In a lab mouse version The Truman Showresearchers at Harvard Medical School built a small world for a new paper. A platform eight inches wide, raised 20 inches off the ground, stood in the center, covered with a mouse mat. A tall LED screen curved around, blank until a white, disorienting bar flashed to one side or the other.
Researchers have been looking for head direction cells in the mouse that act as an internal compass in the brains of humans, insects, animals and fish. Although not a proper magnetic compass, this neural compass acts as a relative compass based on landmarks instead of the Earth’s magnetic field. In humans, it involves several different areas of the brain, including the anterodorsal thalamus, the area targeted in the mouse study.
Internal compass
All neural compasses involve brain cells with preferred firing directions, meaning they fire continuously and release neurotransmitters when the head is pointed in a certain direction. But how do they know when this is happening?
First, there is visual data from the eyesaccording to a magazine article Hippocampus. Second, the brain relies on proprioceptive sensation, which tracks limb position.
Third, the compass takes into account the important vestibular system (inner ear), which uses fluid-filled loops to estimate head position.
Mice in the dark
IN mouse studyresearchers identified compass cells covering all 360 degrees and noticed some quirks in how they functioned.
On the one hand, a rotated visual cue that moved around the screen had a special power over the mice.

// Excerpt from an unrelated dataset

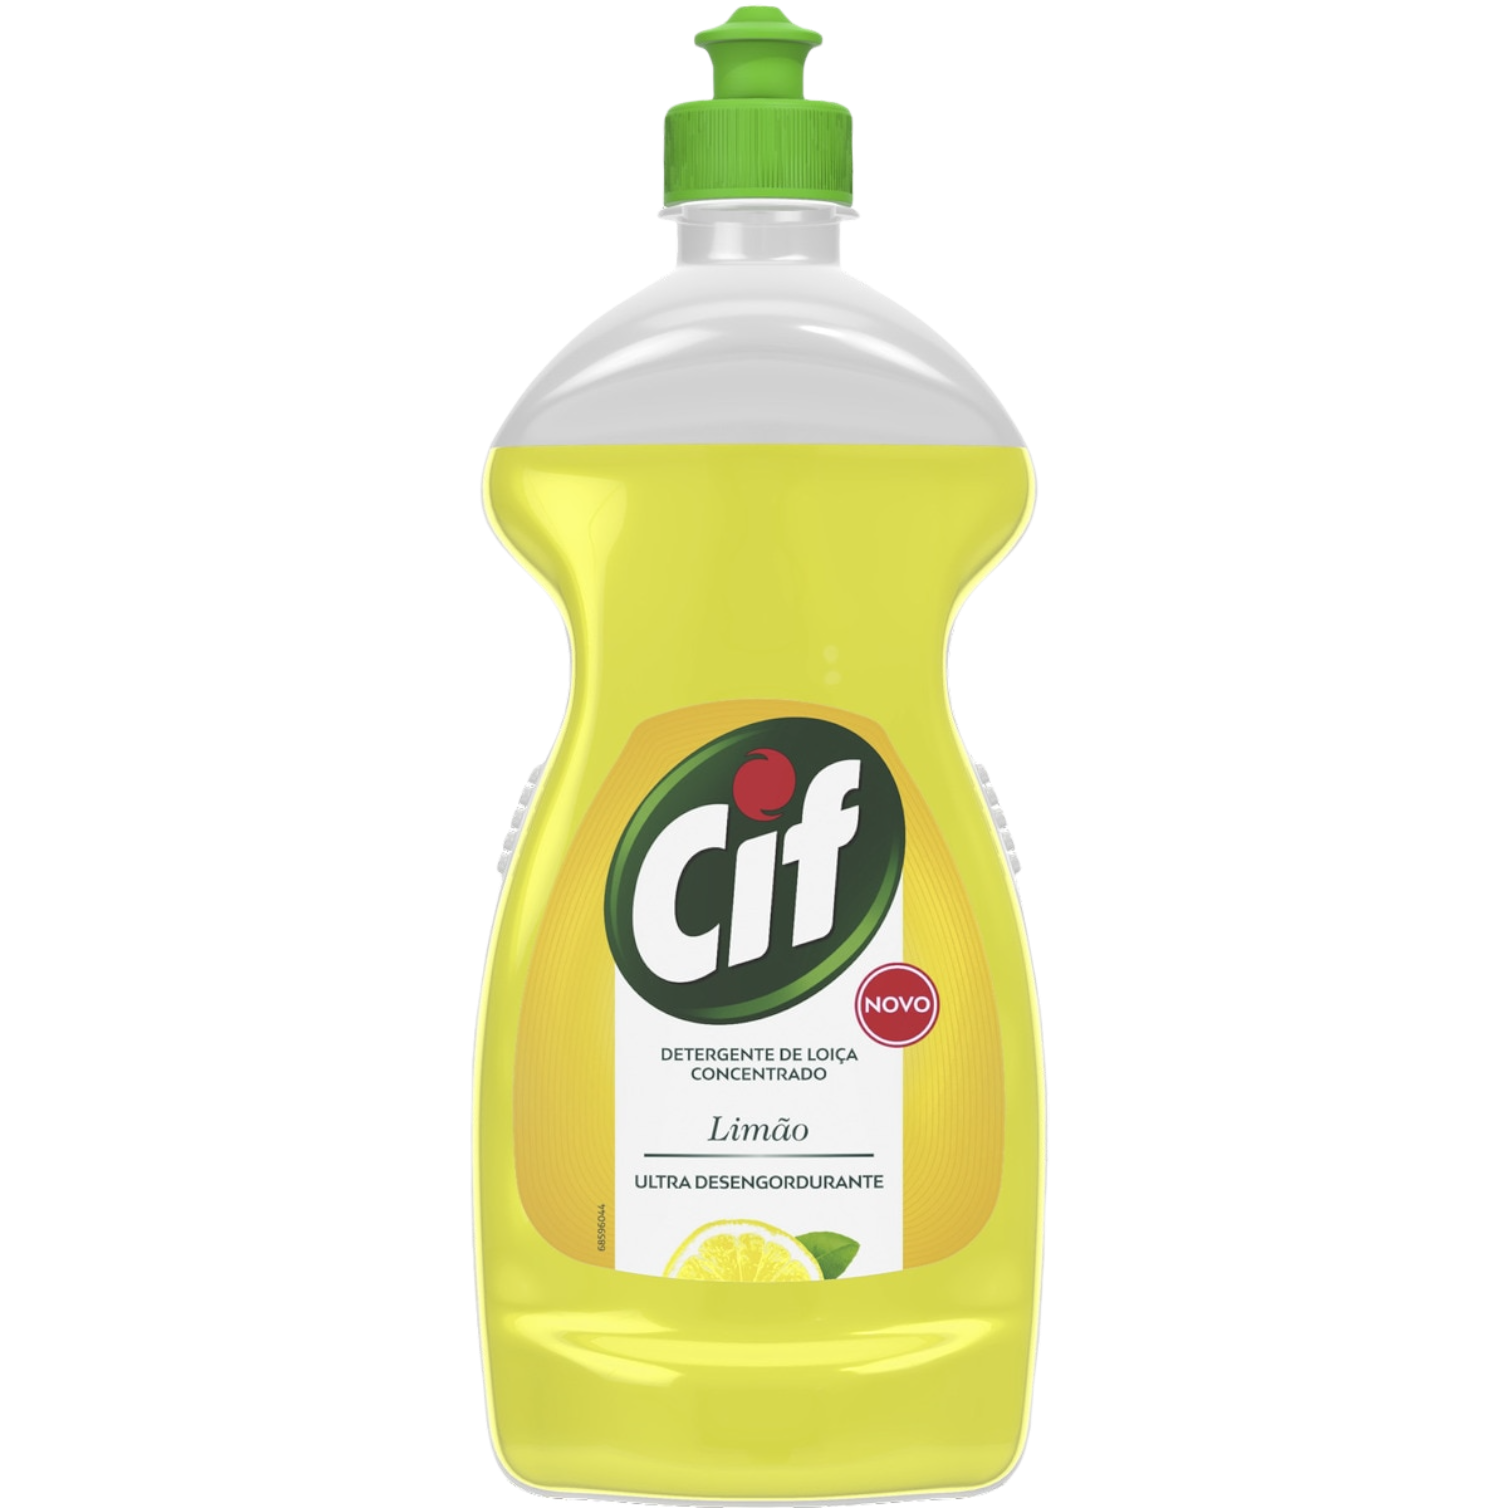 CIF Detergente de Loiça 600ml
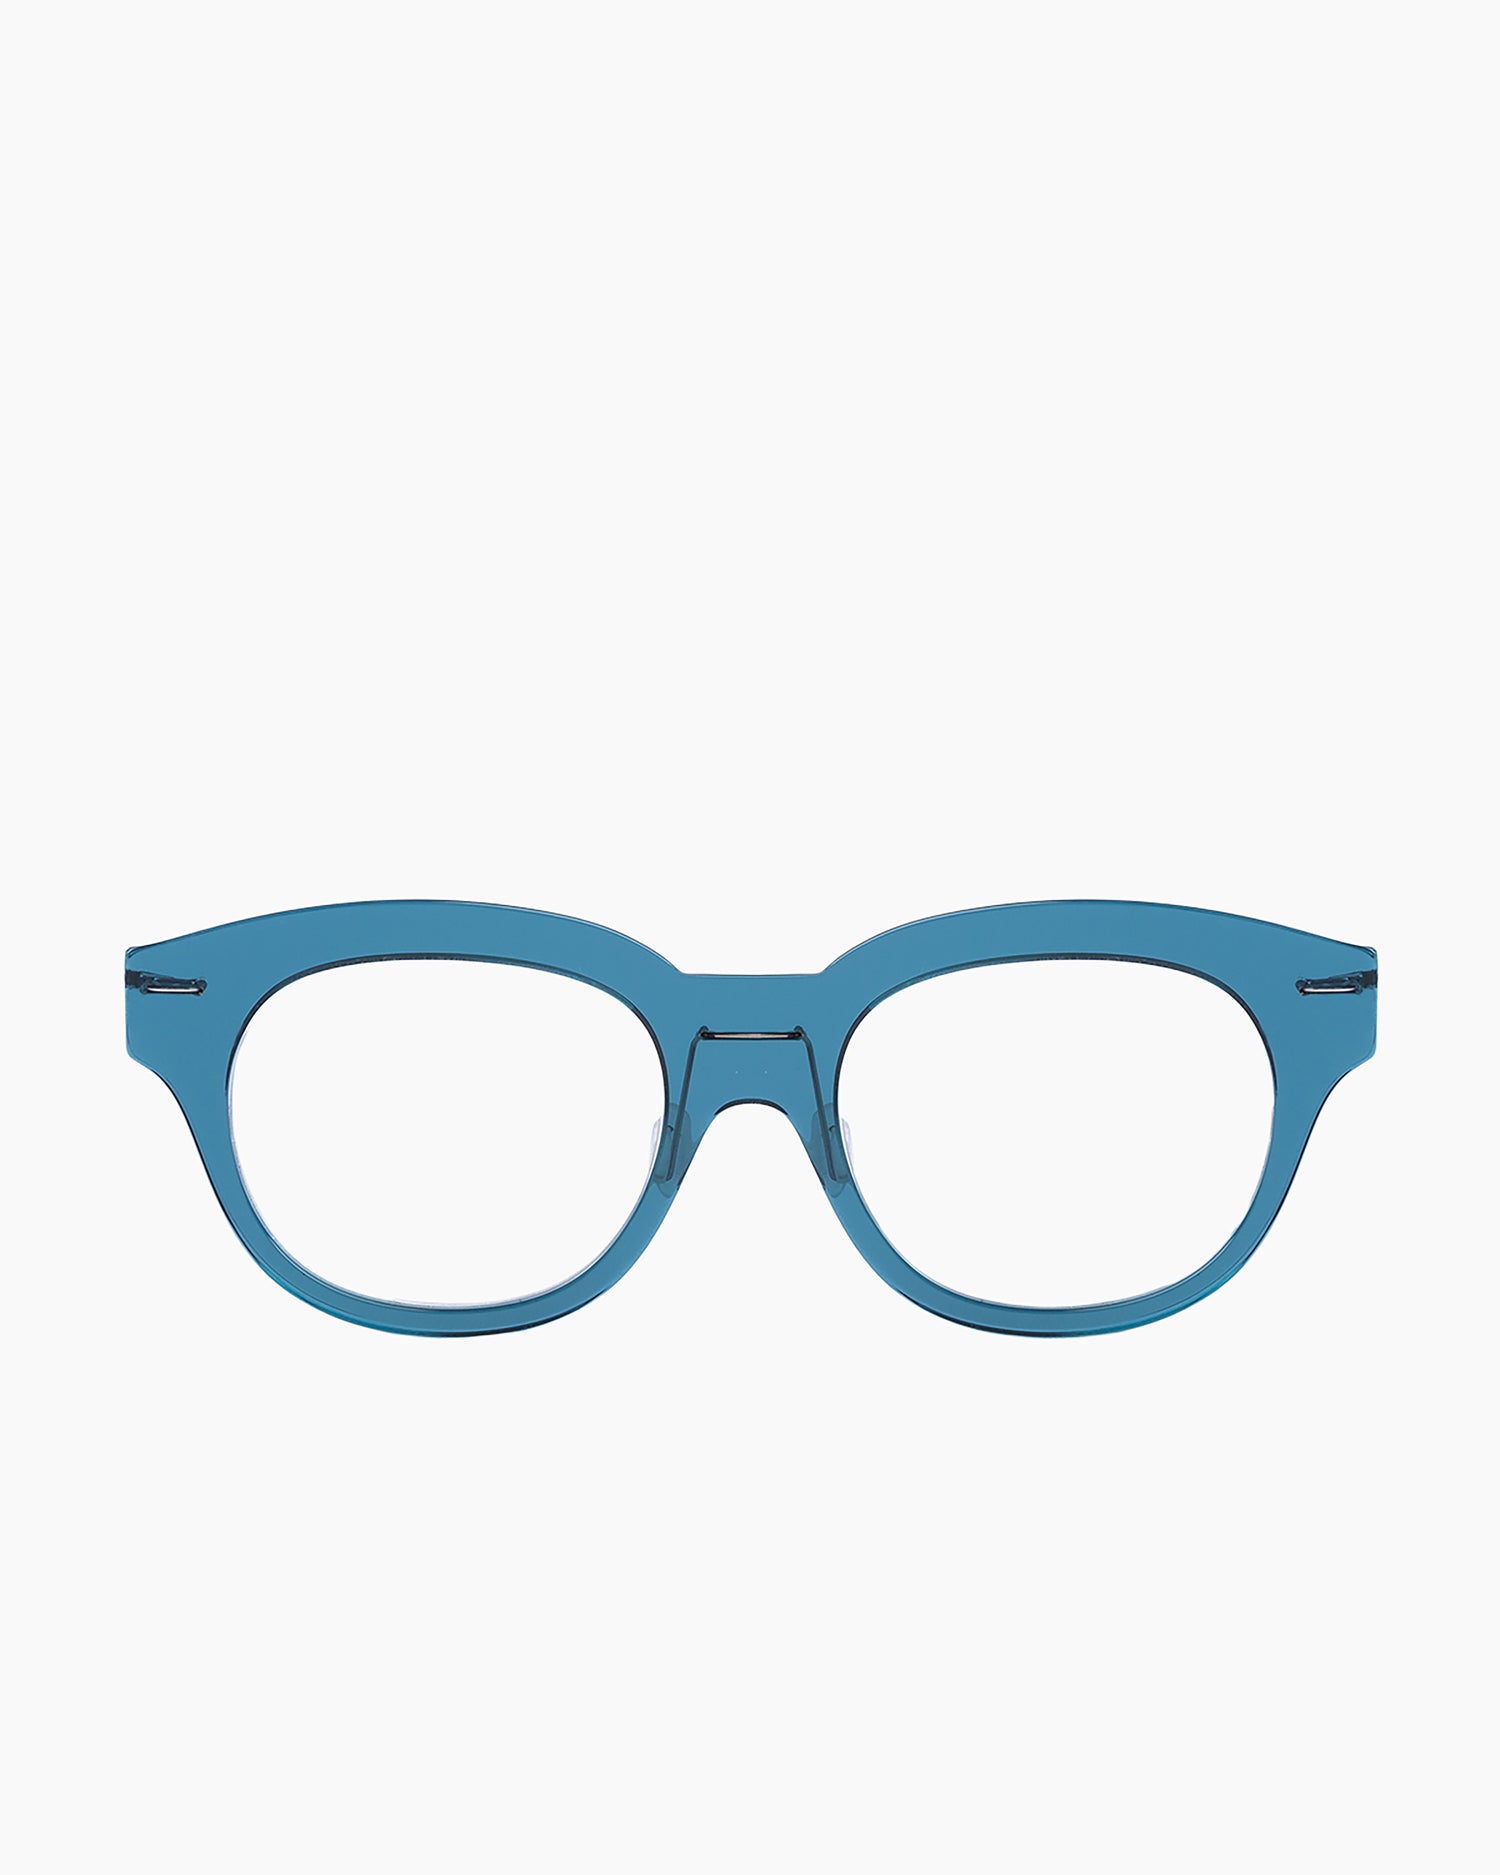 Monogram Marie-Sophie Dion - Belanger - Blu | glasses bar:  Marie-Sophie Dion

After about two minutes, the mobile replica hijacked their compass and canceled other types of input, including the mice’s own movement.
When subjected to darkness, the mice’s compass wandered, sometimes aimlessly and sometimes in a pattern influenced by previous cues. Deprived of landmarks, the mice stuck to traces of the old, making them easier to revive.
Beyond the basic functioning of the compass, the researchers discovered an additional layer of network activity they called “amplification” that helped the system quickly change and sort out conflicting landmarks.
Finding our way
The human brain maintains a map of where the body is and uses many senses to do so, including sight, sound, the vestibular system, and proprioception. This allows us to look around the roomwe close our eyes and take five steps without bumping into anything.
The internal compass is critical to these “place” and “grid” cells and provides live information about where the person is pointing. Because we live in a three-dimensional world, the brain must also track a vertical axis, and this appears to occur in a part of the brain called the retrosplenial cortex. 2018 survey found.
But how do we make these cards? Scientists have long wondered whether observation is enough, whether one should simply gaze at a landscape or should walk on the ground. In 2022 concludes a study that rats can do the latter and learn cage structure simply by watching a friend.